How the Super Bowl Can Speed Up the Slow March of Justice

With millions of Americans tuning in to watch this one evening of entertainment, organizations across the spectrum have realized what an opportunity it is to educate and inform Americans about causes that we might otherwise overlook. Throughout the last several years, cause advertisers and promoters have called attention to issues such as human trafficking, cancer research, blood donation, disabilities, vaccine awareness, HIV/AIDS, domestic violence, access to clean water, homelessness, poverty, social injustice, disaster relief, diversity and inclusion in the workplace, gender equality in sports and STEM fields, climate change, and more.

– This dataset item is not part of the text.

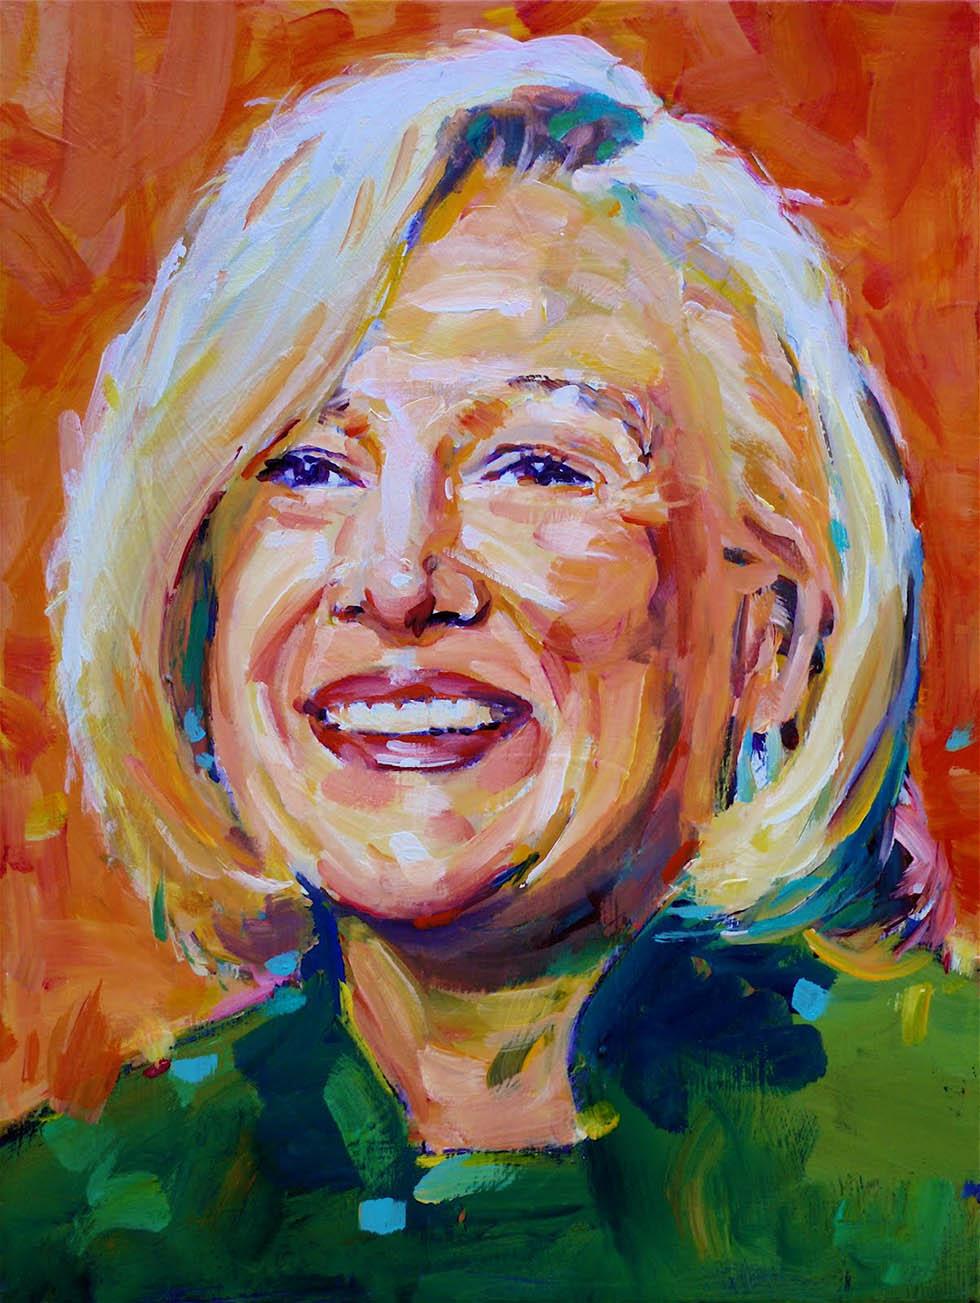 30 lady potrait paintings

While the list of ways the world can go wrong is long, Christians are called to keep seeking justice, loving mercy, and walking humbly. “Let us not become weary in doing good, for at the proper time we will reap a harvest if we do not give up” writes Paul in Galatians 6:9 (NIV). In this way, advertisers of causes have made it possible for us to continue being aware of the places we can partner to continue the effort to bring the promised kingdom of heaven to earth.